* _Prompt_: The lines you should transcribe are those from the one containing "Riding horses, Civil" to the end of the listing below, exactly, with pictures left out.

* _Data block_:
# # #

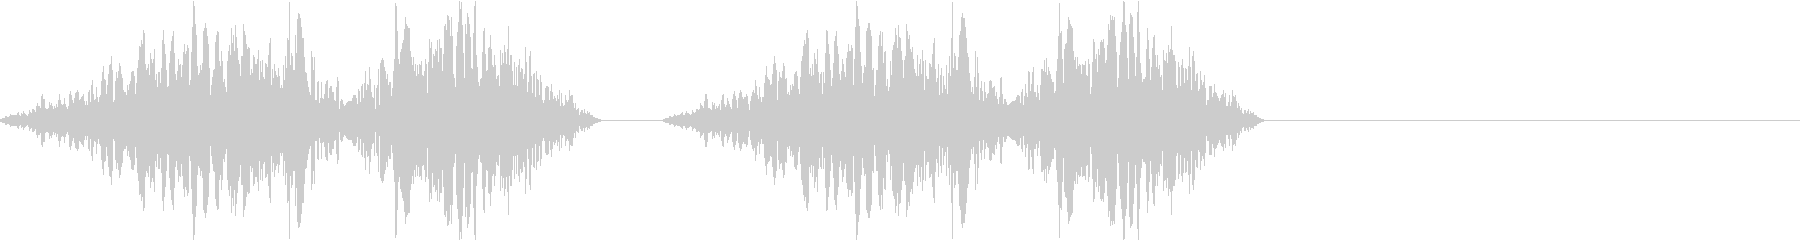 DJプレイ スクラッチ・ノイズ 201の未再生の波形
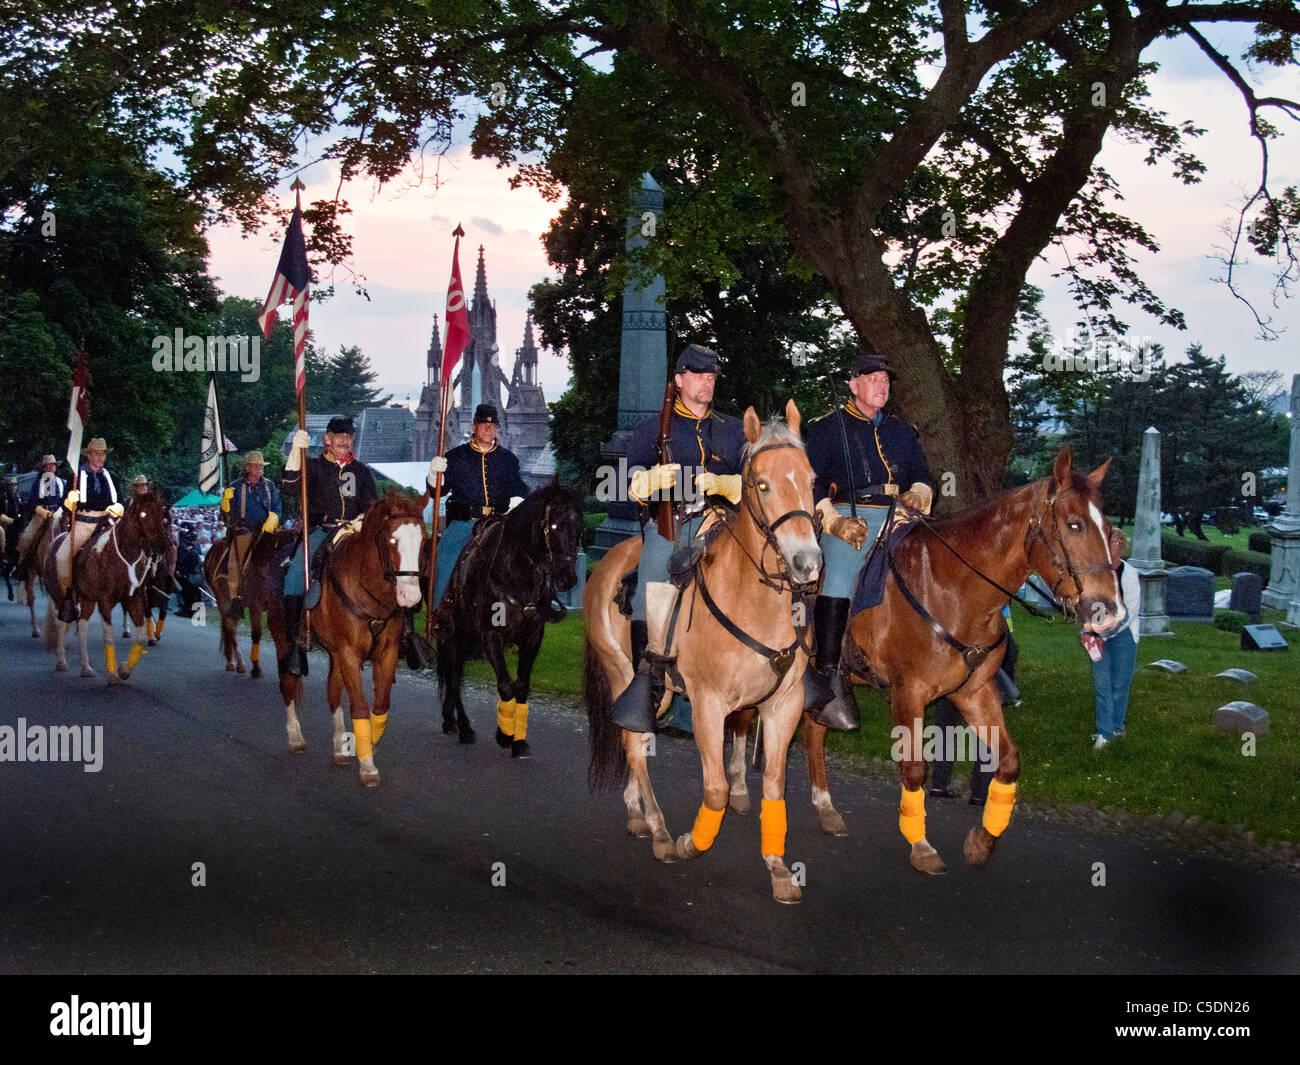 Riding horses, Civil War reenactors wearing period uniform meet on Memorial Day in Green-Wood Cemetery in Brooklyn, - Stock Image
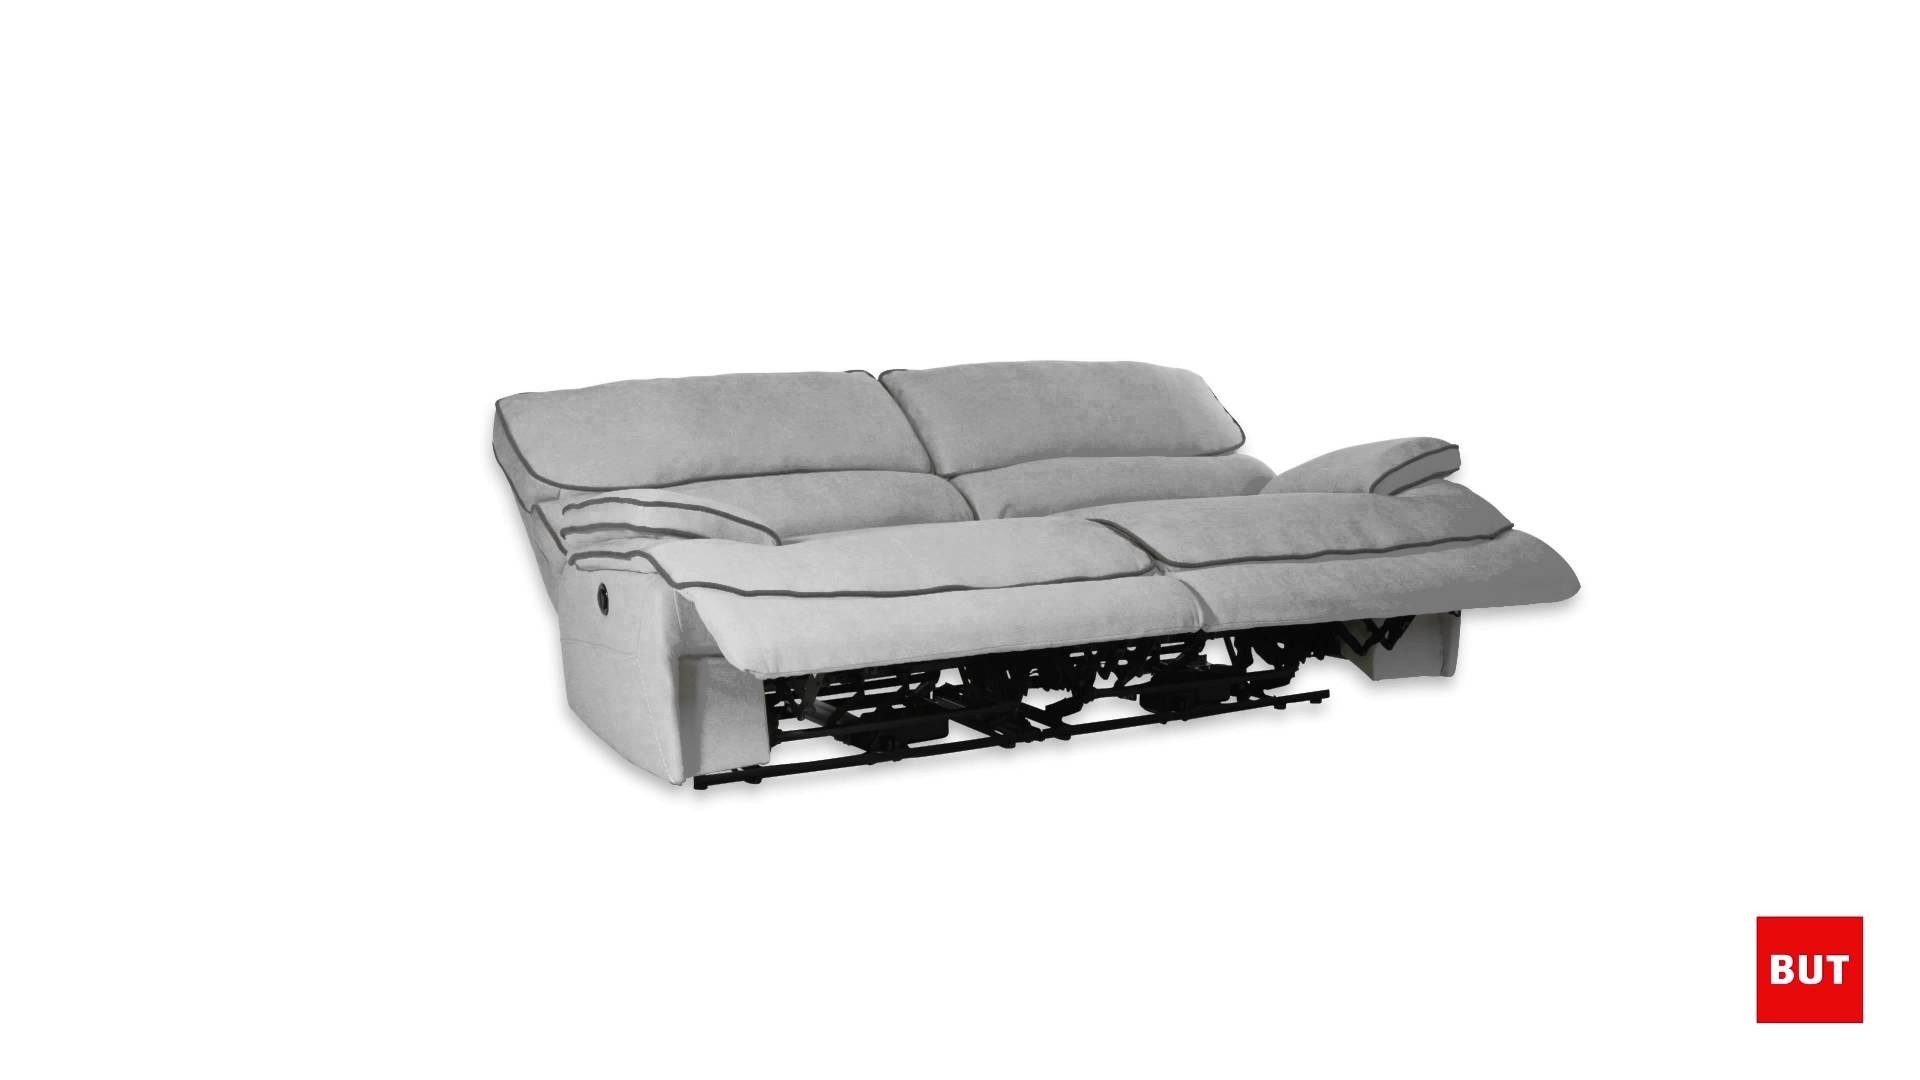 Canapé Angle Cuir Ikea Frais Collection Lit Armoire Canapé Beautiful Canap En U Convertible 12 Full Canape D

# # #

* _Exercise result_:
 Riding horses, Civil War reenactors wearing period uniform meet on Memorial Day in Green-Wood Cemetery in Brooklyn, - Stock Image
 Canapé Angle Cuir Ikea Frais Collection Lit Armoire Canapé Beautiful Canap En U Convertible 12 Full Canape D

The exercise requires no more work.